My summer break is half over. I've rewritten the first three chapters of Sapphire Sins and given it yet another thorough edit. I've rewritten my query letter, synthesizing the massive amount of info out here in blog-land. I'm now in waiting mode.
It's definitely time to move on to my WIP (tentatively titled Crimson Crimes). My second summer goal was to finish the first draft. Unless the muse sits down in this chair with me and starts whispering in my ear, I'm beginning to have doubts about goal #2. Every time I start to open the file, I find something else to do. I was so blocked when I stopped working on it back in the spring that I'm dreading going back. And if there is one thing in this world in which I'm VERY proficient, it's avoidance.
I know I have a good working premise. I read widely in my genre, and I haven't seen anything similar. So points to me for originality. The problem, of course, is I can't figure out how to get from where I am to where I want to go. I despise convenient plot twists that aren't plausible, the ole deus ex machina, and all my attempts at transitioning so far have fallen into that category. I need a bridge that makes sense. I suspect I'm going to have to backtrack and do a lot of deleting and rewriting.
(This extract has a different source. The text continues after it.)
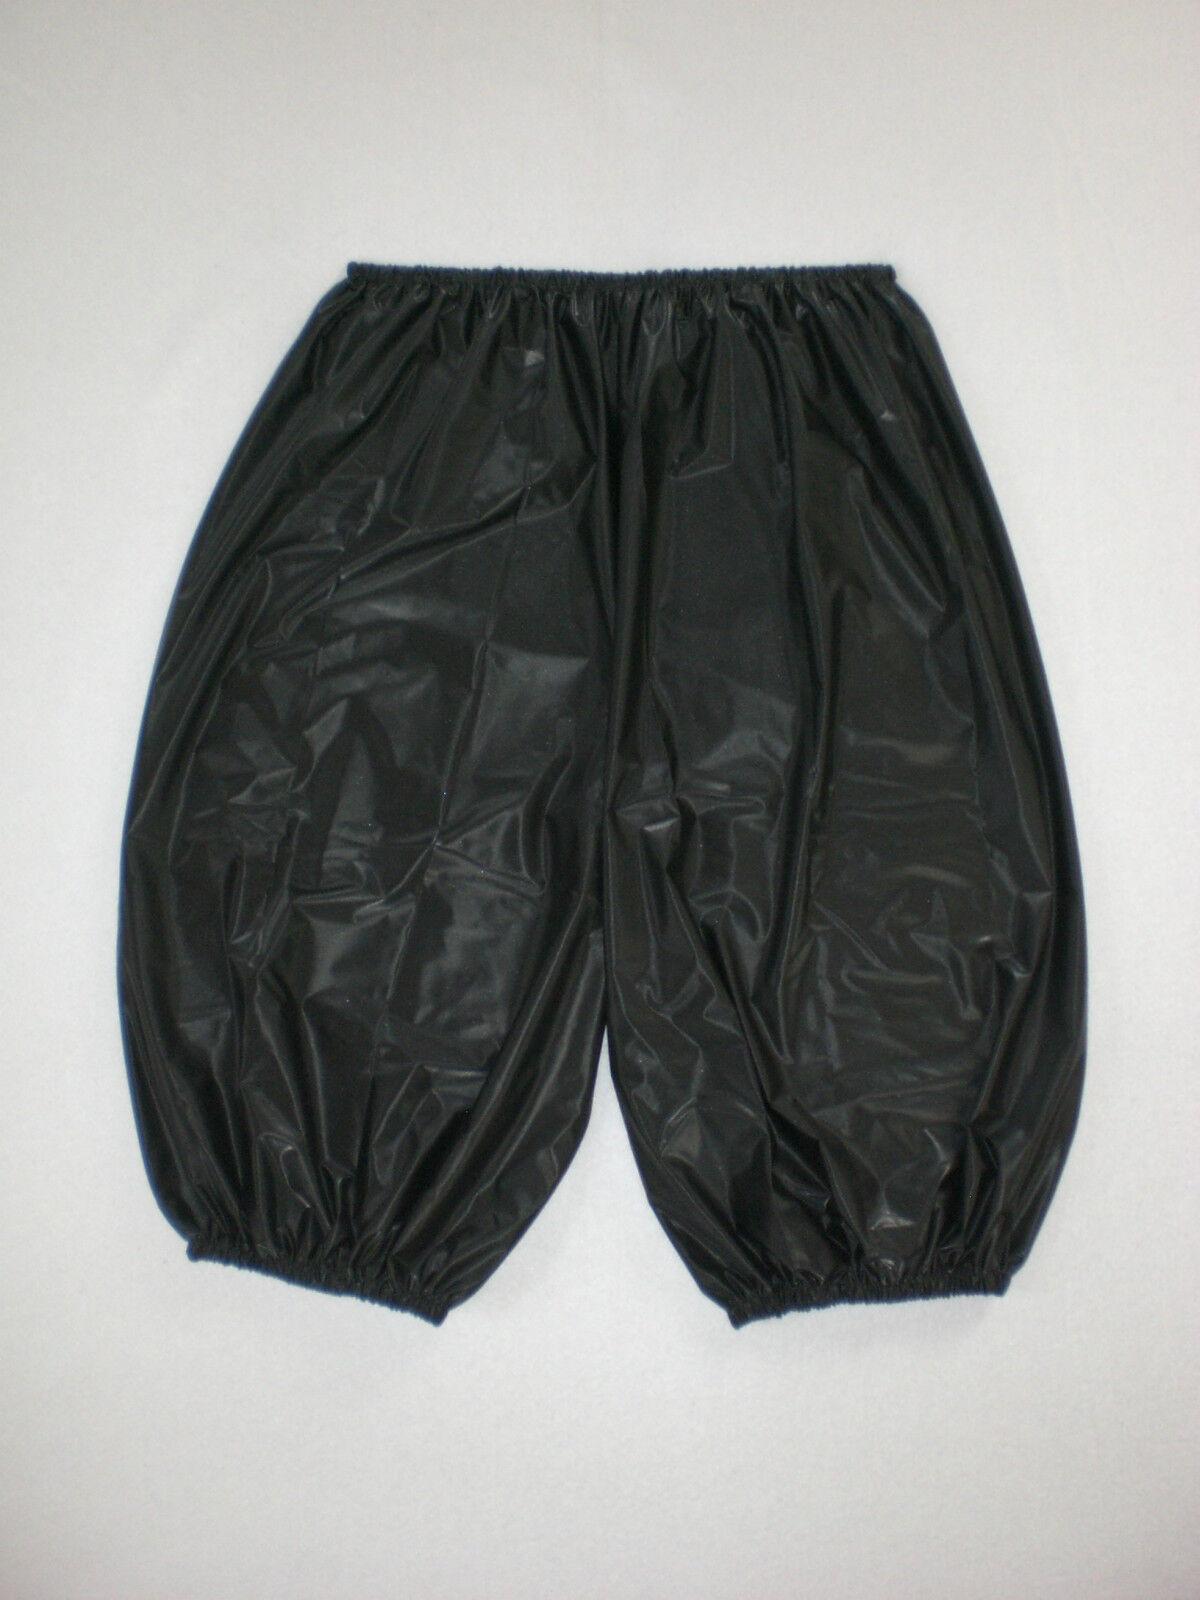 ULTRA SOFT PVC SAUNA RADLER SHORTS SWEAT PANTS  L XL XXL XXXL

I'm approximately 60,000 words in which translates to just under 2/3 complete. My plan is to start by rereading what I've written and resist the urge to edit as I go. Editing at this stage of the game is just another form of avoidance. Trust me. When a writer chooses editing over first draft writing, there is some serious avoidance going on. I haven't read my draft in six weeks. (I know...six weeks???!!?? Tell me that's not some serious avoidance.) I'm hoping enough time has passed that I'll have some perspective and I'll be able to see where I went wrong and how I can move forward.
I'm finishing this blog entry so that I can start that reread...right after I go get something to eat.